2018 Hope Vineyard Sauvignon Blanc

“This has layers of complexity. Dry to taste and medium-full bodied, the palate has a tight, deep and intense core of concentrated flavours of green stonefruits entwined with fresh herbs, stalks and cut-grass unfolding greengage and nettle notes. This is a complex, oak-influenced Sauvignon Blanc with green stonefruits and cool-spectrum flavours on a palate with fine textures and very good linearity.”  18/20    Raymond Chan (2017 Vintage)

This ‘alternative’ Sauvignon Blanc developed from a desire to build a complex and textural wine style. Extended skin contact, wild fermentation in barrel and lees contact have contributed subtle aromatic corruption, savoury spice and phenolic interest.

A number of rows within the Hope Vineyard ‘Larches Block’ have been selected for their later-ripening rootstock and spur pruned to encourage more uniform shoot growth and even ripening. One third of the fruit was machine harvested and macerated for 36 hours, the remainder gently pressed immediately after picking. These strikingly different juice portions were briefly settled,  transferred to French oak barriques (17% new), and inoculated with a vineyard yeast pied-de-cuve.  The wine rested on gross yeast lees for a further eight months and completed malolactic fermentation during this time.

This wine sets out to embody the characters of fruit picked a day early rather than a day too late. Aromas are distinctly varietal – ripe yet fresh in equal measure.  Floral, fragrant with notes of zesty citrus oil and herbal, caraway and fennel seed characters. Also present is an added depth of savoury oak, yeast lees and a sniff of struck match complexity.

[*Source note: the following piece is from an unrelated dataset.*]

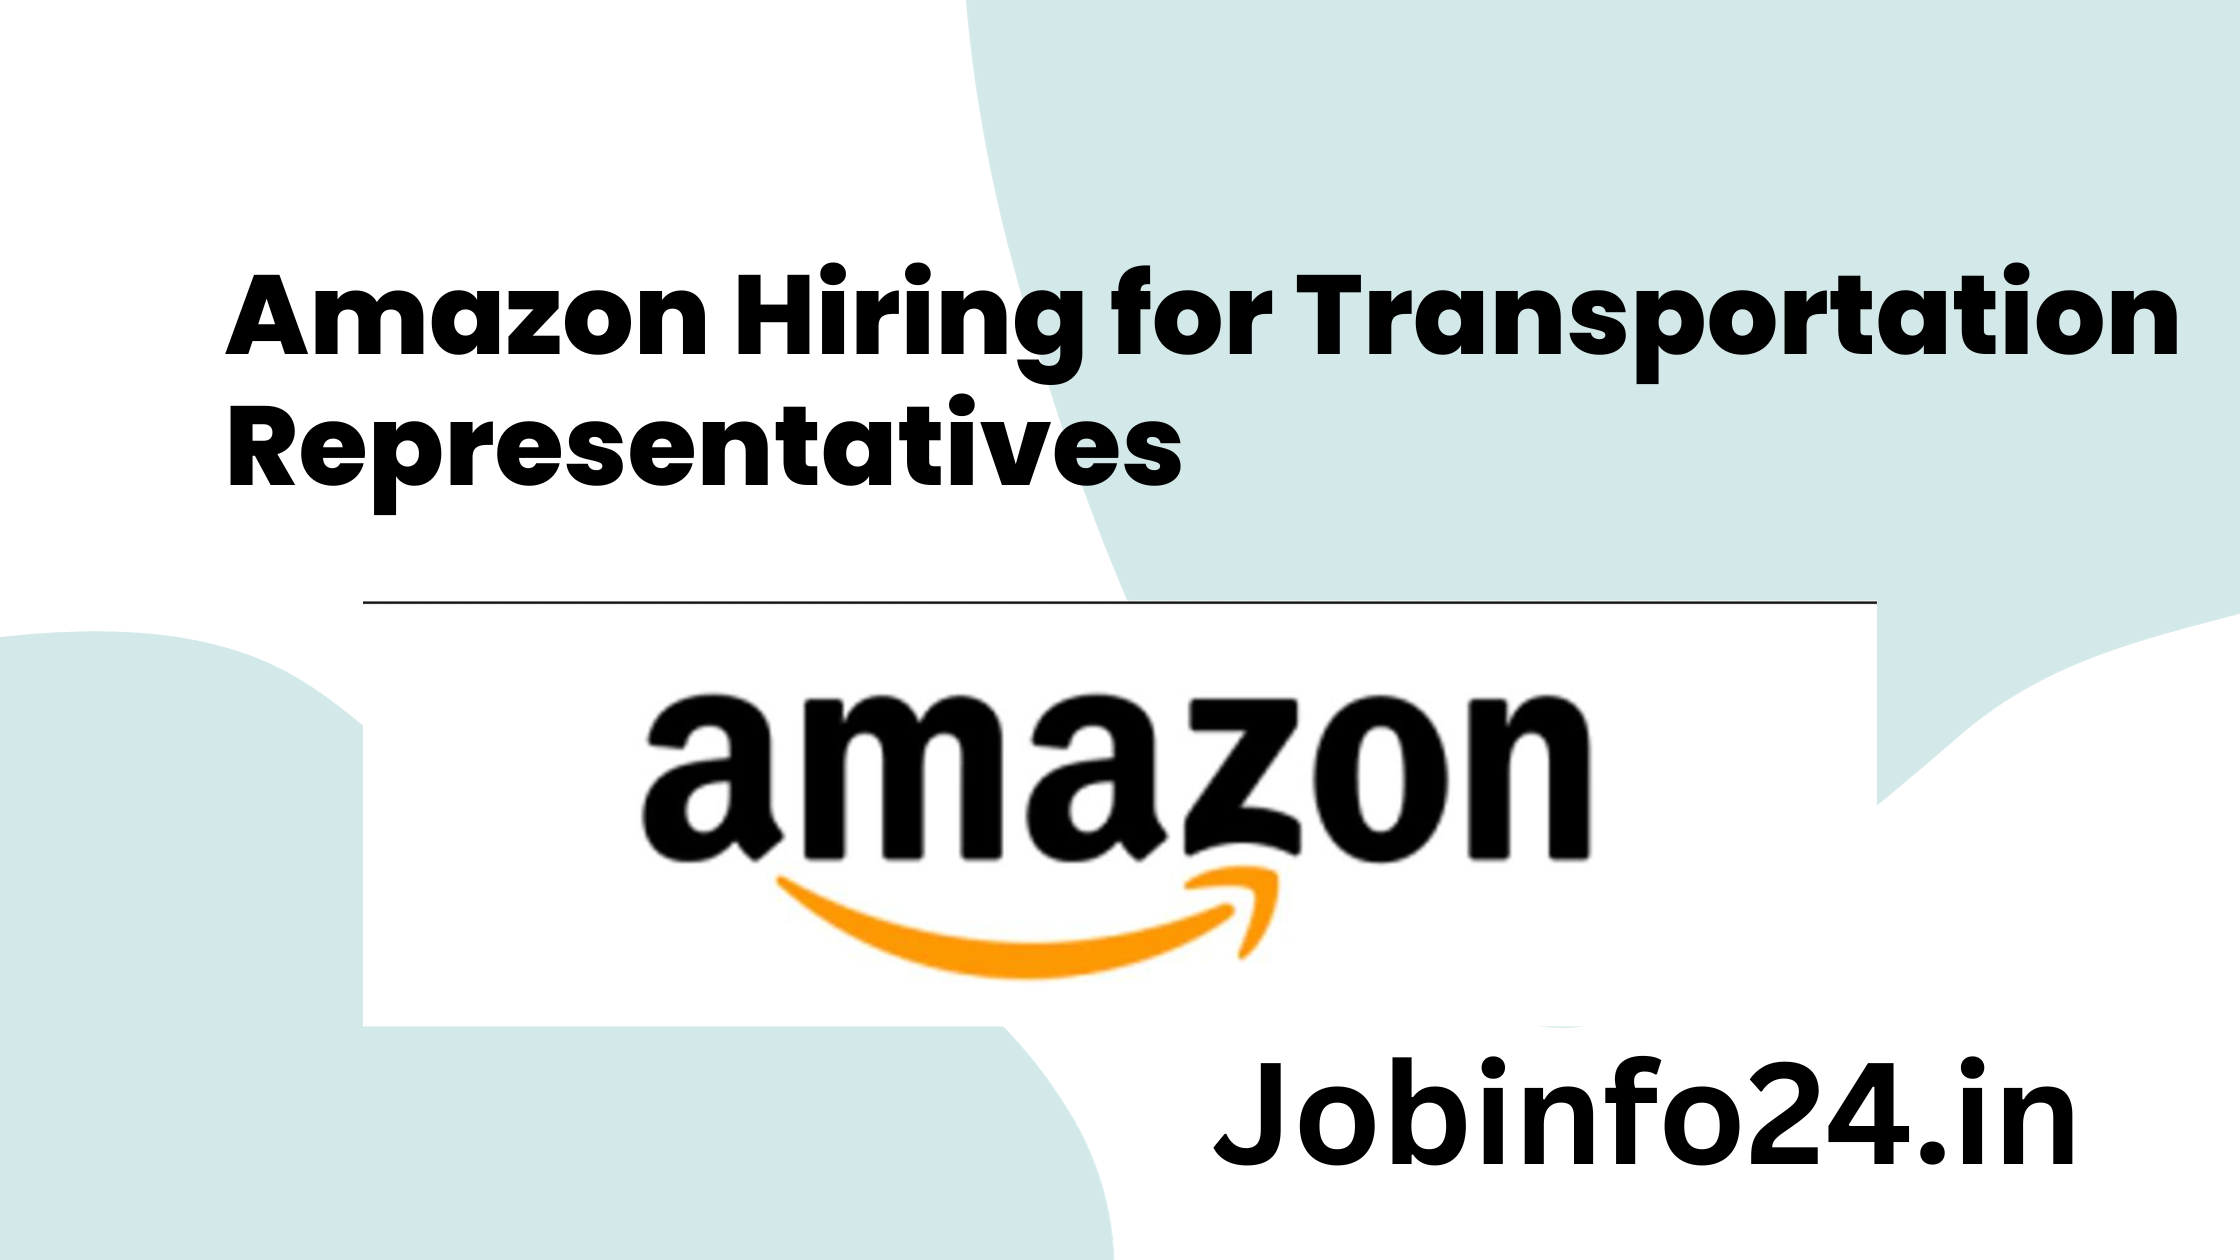 Amazon Hiring for Transportation Representatives

The palate is incisive and attractively structured. Barrel fermentation and skins-derived extract contribute textural vigour and resilience,  well wrapped within the body of the wine. Its light, natural fruit sweetness (in the way of milk fresh from the coconut), hints of malolactic and integrated yeast characters soften and enrich the whole. The wine fulfills the brief – to create complexity and balance out of a range of  individual elements.